Submitted to: Agronomy Journal
Publication Type: Peer Reviewed Journal
Publication Acceptance Date: July 19, 1996
Publication Date: N/A
Interpretive Summary: The evolution of new technology, including variable rate chemical applicators and geographic positioning equipment have spawned a revolution in how farmers are managing their fields. No longer do fertilizer and pesticides need to be applied uniformly across a field, but now may be varied to match the soil potential as the soil type varies across the field. Success of this method of precision farming depends on being able to set application rates in a rational way. Many proponents are using yield mapping to provide the needed spatial information on input requirements. Unfortunately, little information is available on how variable yields are across fields, what patterns of yield can be expected, and how consistent these patterns are from year to year. In this study we found that non-irrigated corn and soybean yield varies across a field, but that the yield pattern is not the same each year. While the yield pattern does not seem to be affected by whether corn or soybean is grown, the overall rainfall during the growing season does affect the strength of the spatial pattern. This information is important to those trying to use yield patterns for making chemical applications for precision farming. Our study indicates that several years (perhaps more than 6) are needed before a clear pattern of yield potential can be determined.
Little is known about either the spatial structure of yield in typical fields or of the temporal stability of these structures. We investigated the spatial structure of 6 years of grain yield in a 16 ha field.
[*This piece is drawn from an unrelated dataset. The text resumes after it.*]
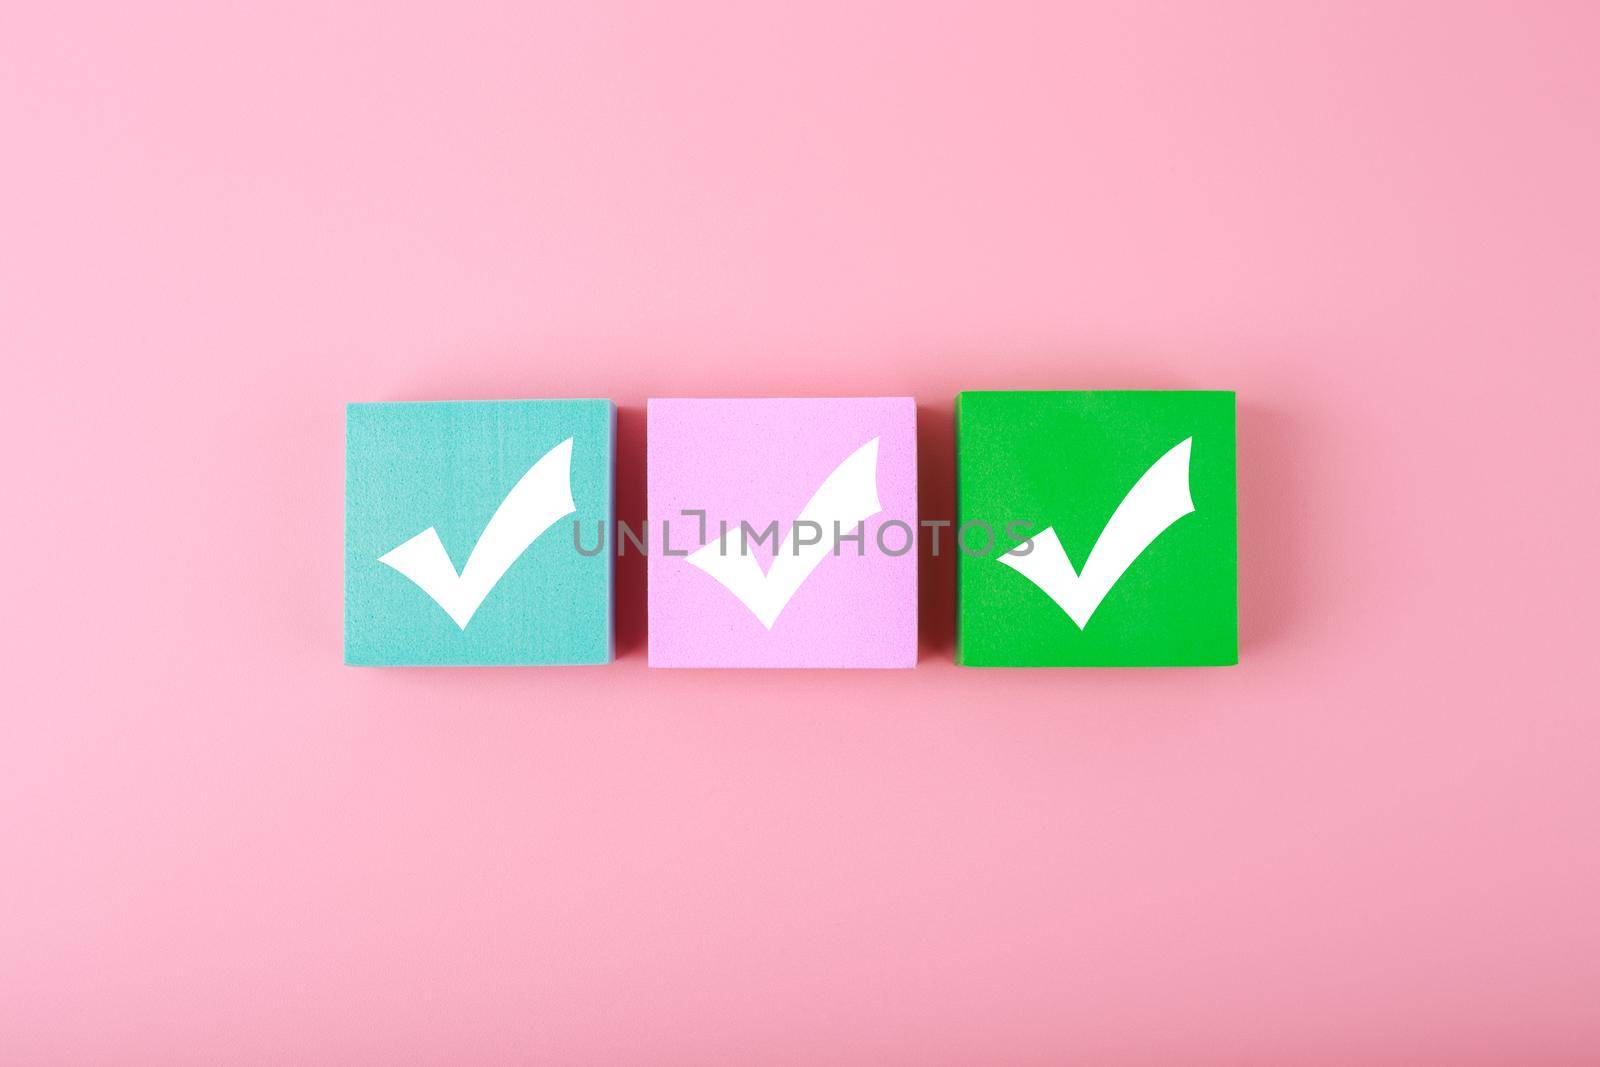 Three checkmarks on colorful blocks against pastel pink background  by Senorina_Irina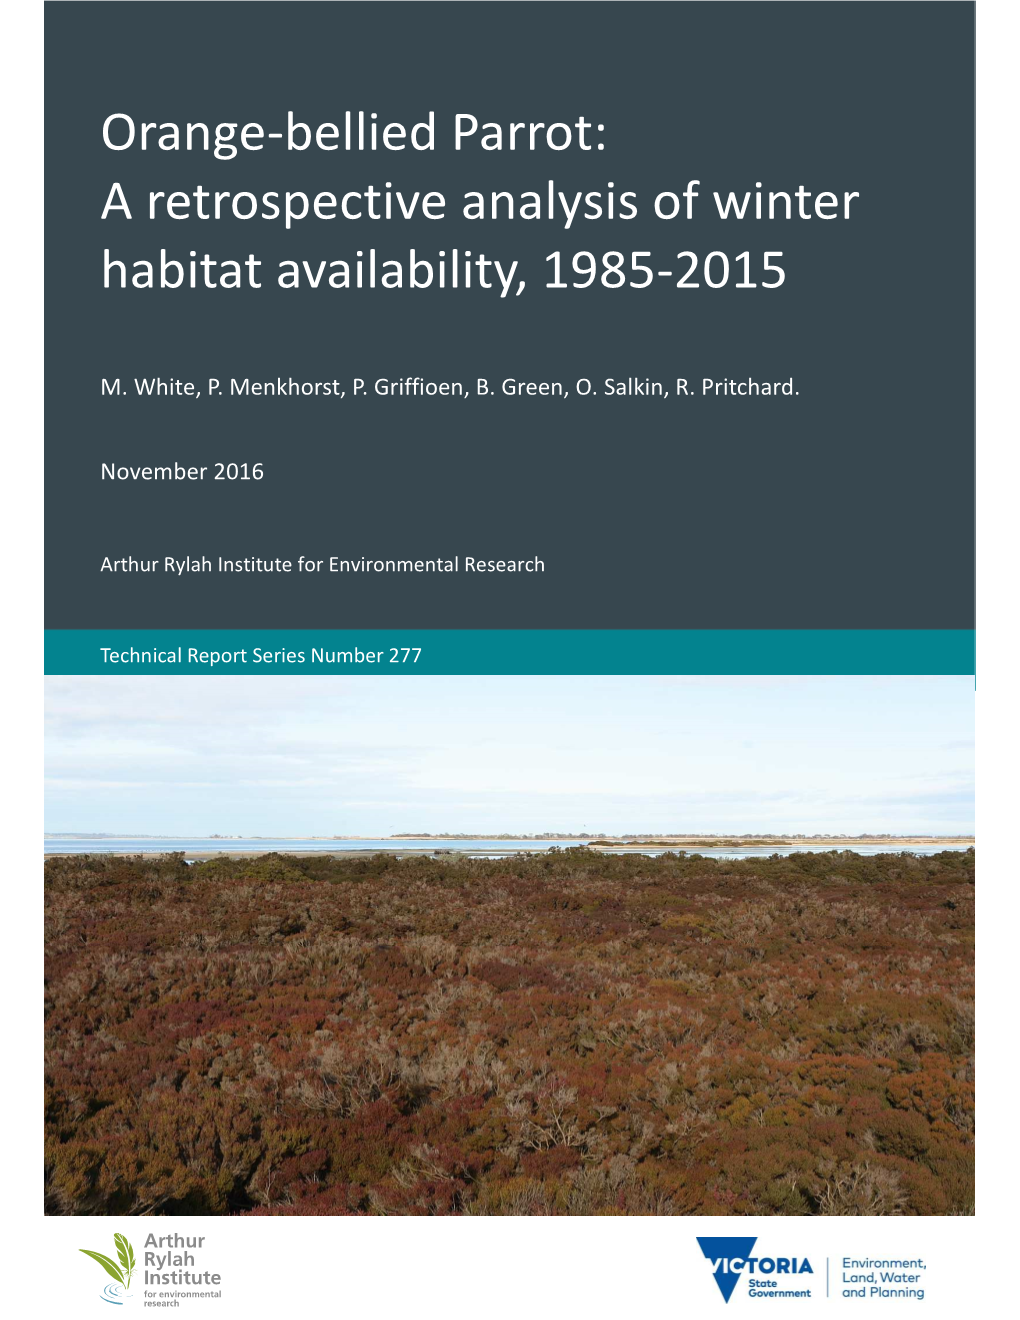 Orange-Bellied Parrot: a Retrospective Analysis of Winter Habitat Availability, 1985-2015

We measured yield each year at 224 locations on an 8 x 24 grid using plot combines. The field was planted to corn (Zea mays L.) and soybean [Glycine max (L) Merr.] in a two-year rotation. Coefficients of variation for yields ranged from 11.7 to 32.5% and were not correlated with crop although standard deviations for corn were consistently larger than for soybean. Correlations among yields from different years ranged from 0.543 to -0.234 and were not consistently higher for consecutive years nor between just corn years or soybean years. Trend surfaces of the large-scale spatial variability were constructed for each year by median polishing of the yield data. The trend surfaces were different each year although several years shared similar features. Overall the trend surfaces accounted for about 25% of the overall yield variance. Small-scale spatial structure was examined by computing variograms of the yield residuals after subtracting the trends and fitting the variograms with a spherical model. Variograms showed strong spatial structure of the yield residuals with no nugget and correlation ranges approaching 150 m. Variograms differed from year to year and were not related to the crop being grown. However, the range was significantly correlated to precipitation - increasing with increasing total growing-season rainfall. Thus yield varied over space, creating patterns that vary over time due to differences in yearly climate. Long-term monitoring of yield will be necessary to understand these patterns.